After turning 2 years old, my son, Avishai, started demanding that he only wear tractor shirts, and my mind spiralled into darkness.
So writes Jay Deitcher, a social worker and therapist, a declarer of pronouns, and, it seems, someone accustomed to the aforementioned mental spiralling:
I catastrophised worst-case scenarios, imagining a world where he fell for everything stereotypically manly. I envisioned him on a football field, barrelling through mega-muscled opponents. Imagined him waxing a sports car on a warm summer day.
We seem to be in a high rhetorical gear. For a two-year-old’s choice of shirt.
Mr Deitcher – who has, he says, “always judged other guys who seemed boxed in by masculinity” – airs his view of maleness:
Men didn’t hug. Men didn’t say I love you. Men were angry. Aggressive. Inept as parents. I became determined. I was going to create a bond stronger than any parent had ever achieved, but I told myself that to do so I needed to distance myself from anything deemed masculine.
This line of thought goes on for some time.
I grimaced at anyone driving a Ford car, the John Wayne of automobiles. I hated men who wore plaid. Felt ill if someone mentioned a wrench or another tool.

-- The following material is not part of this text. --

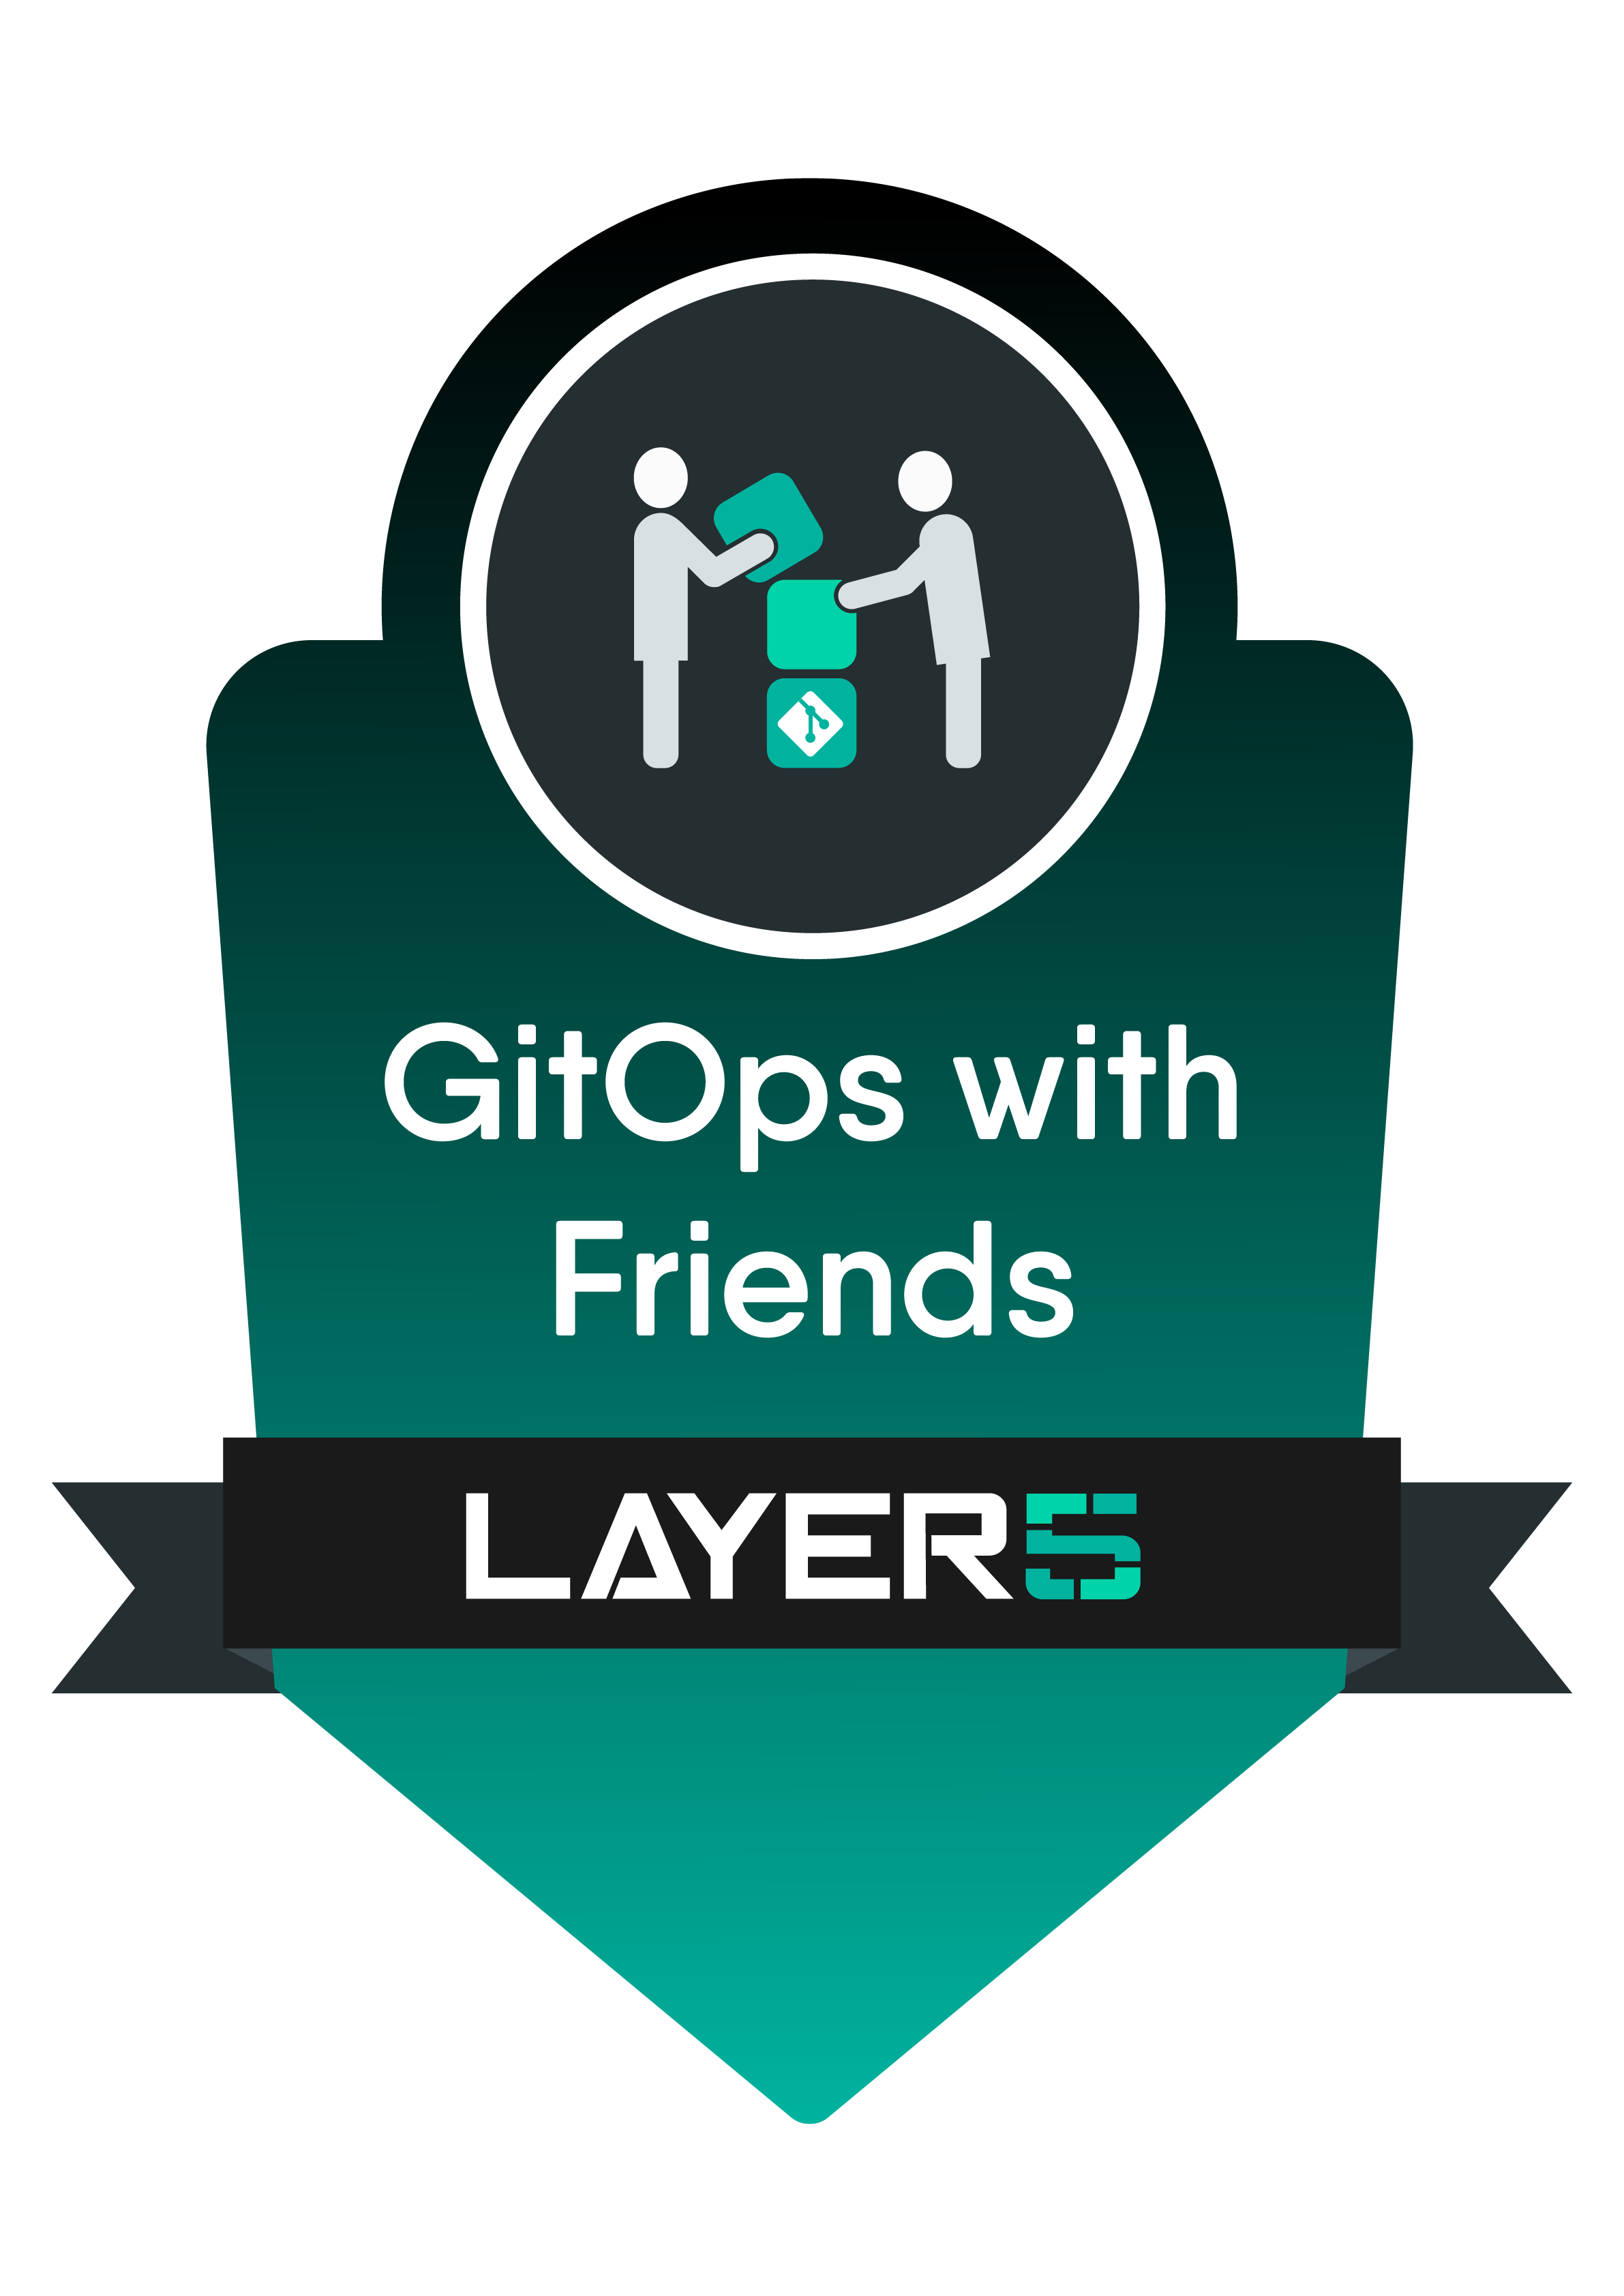 GitOps with Friends
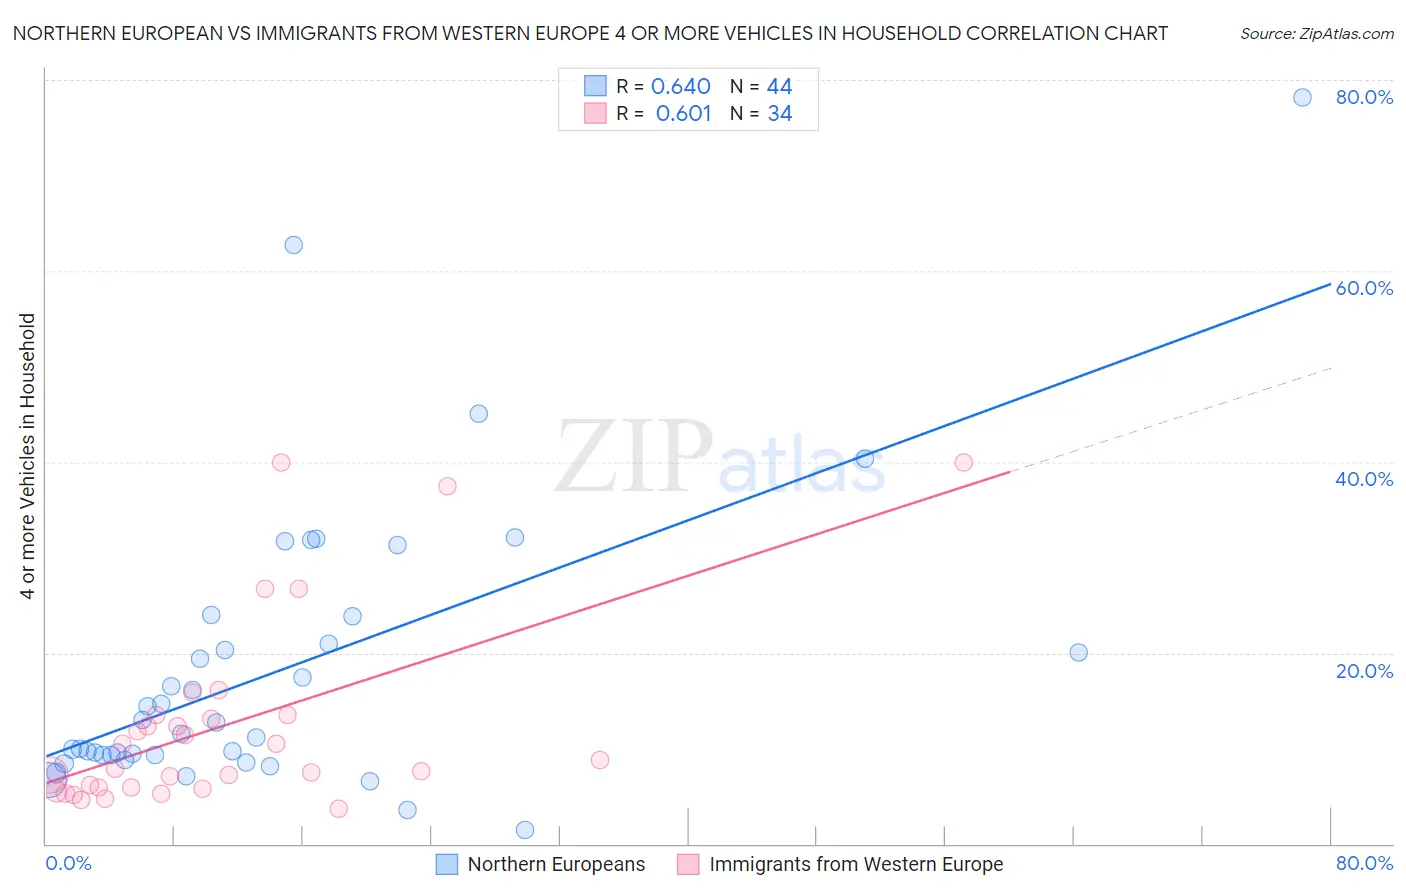 Northern European vs Immigrants from Western Europe 4 or more Vehicles in Household

And because things aren’t sufficiently dramatic:
My body spiralled into panic any time I attempted manual labour.
Given these fevered thoughts, all this tool-induced upset, readers may wish to peek at the photographs accompanying the article, and which may bring to mind the words grown adult, albeit ironically. Readers may also wish to ponder the prospects of a father-son relationship premised on a dogmatic, near-hysterical disdain for maleness, for “anything deemed masculine.”